Simulations A and B (without down regulation) yield atmospheric CO2 concentrations lower than observed and also lower than those from simulations C and D (with down regulation). CO2 concentrations in year 2000 for simulations A and B are ∼20 and ∼15 ppm, respectively, below the observed value of ∼370 ppm and their land–atmosphere (ocean–atmosphere) fluxes are higher (lower) than observation-based estimates (Figs. 7b,c). Low atmospheric CO2 is due to high carbon uptake by the land in simulations A and B, and low ocean uptake is at least partially a consequence of low atmospheric CO2 concentration.

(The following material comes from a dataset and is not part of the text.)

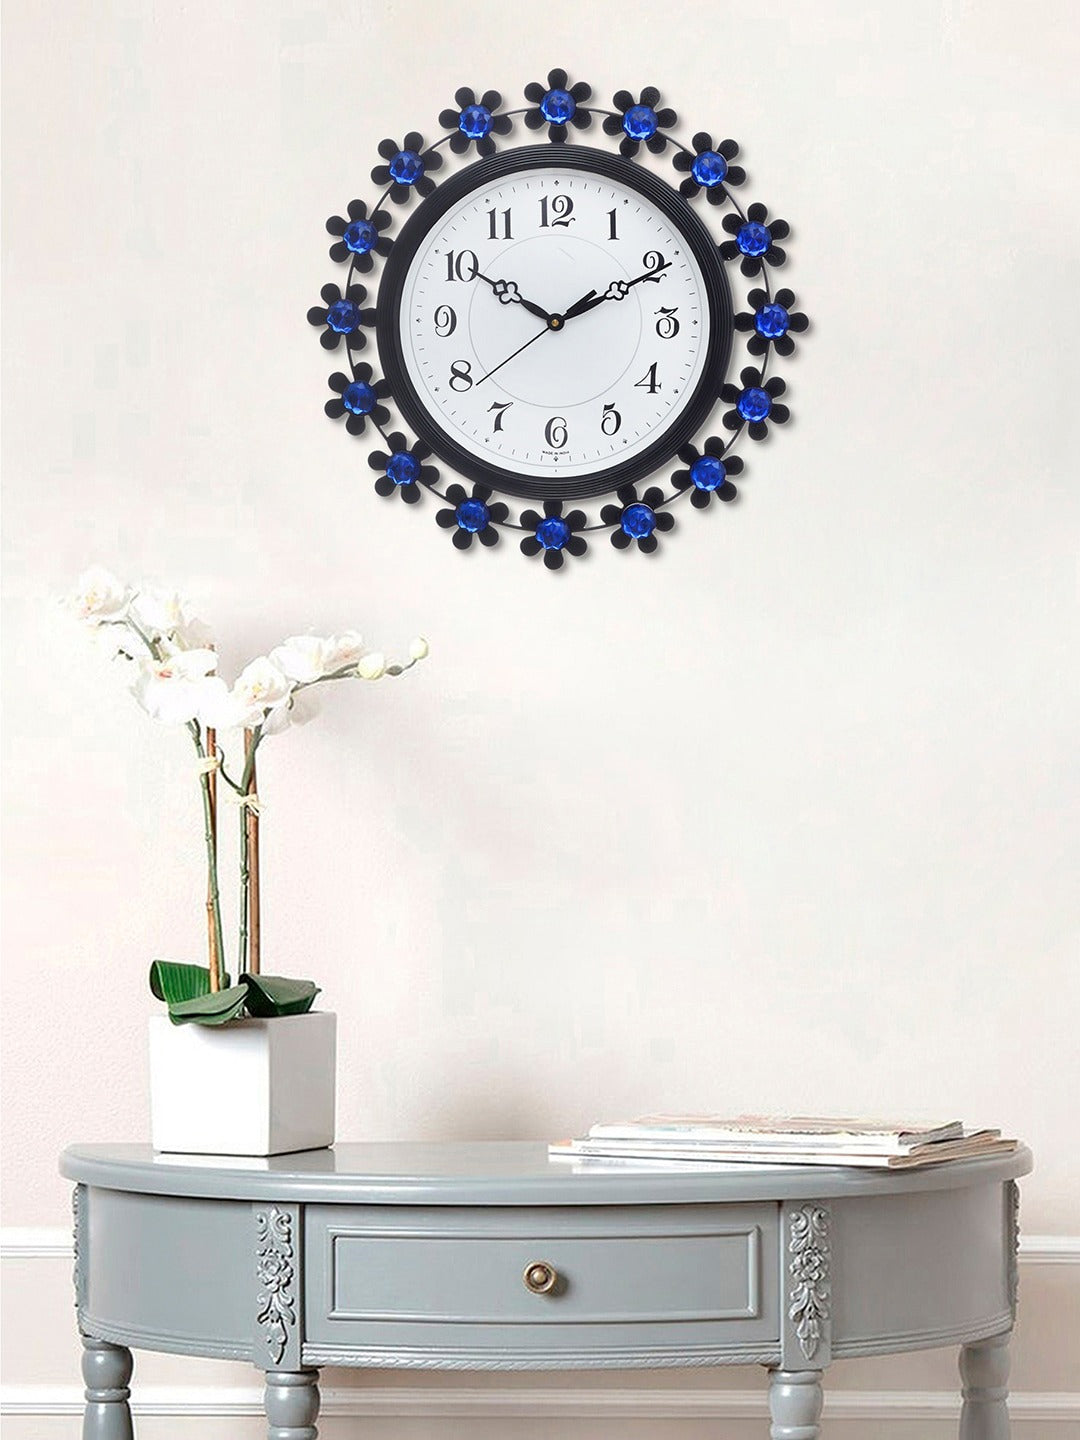 Blue & White Embellished Round Analogue Contemporary Wall Clock

Differing treatments of LUC emissions modify these results only modestly and introduce a difference of 5–7 ppm CO2 in 2000 (Fig. 7a). Simulation A with interactive treatment of LUC emissions gives a lower CO2 concentration than simulation B with specified LUC emissions because the interactive land use change is based on changes in cropland area only. Estimates of LUC emissions from pasture lands range from 13% (Houghton 1999) to nearly 50% (Strassmann et al. 2008) of total emissions, and overall LUC emissions are uncertain by up to ±50% (Ramankutty et al. 2007). Shevliakova et al. (2009) give contribution from pastures that range from a sink of 0.15 to a source of 0.37 PgC yr−1 for the 1990s. CanESM1 simulations (not shown here) with land cover reconstructions based on increase in crop area only and increase in both crop and pasture area show that the LUC emissions caused by taking into account the increase in pasture area are to a large extent compensated by increase in soil carbon over pasture lands so that the overall simulated twentieth-century carbon budget does not change substantially (V. K. Arora and G. J. Boer 2009, unpublished manuscript). Our implied LUC emissions for the 1850–2000 period, inferred as the difference in net land–atmosphere exchange from simulations with and without LUC (not shown), is around 70 PgC compared to about 155 PgC based on Houghton and Hackler (2002). This 70 PgC of LUC emissions for the 1850–2000 period due to increase in cropland is comparable to 84 PgC obtained by Strassmann et al. (2008) for the 1700–1999 period.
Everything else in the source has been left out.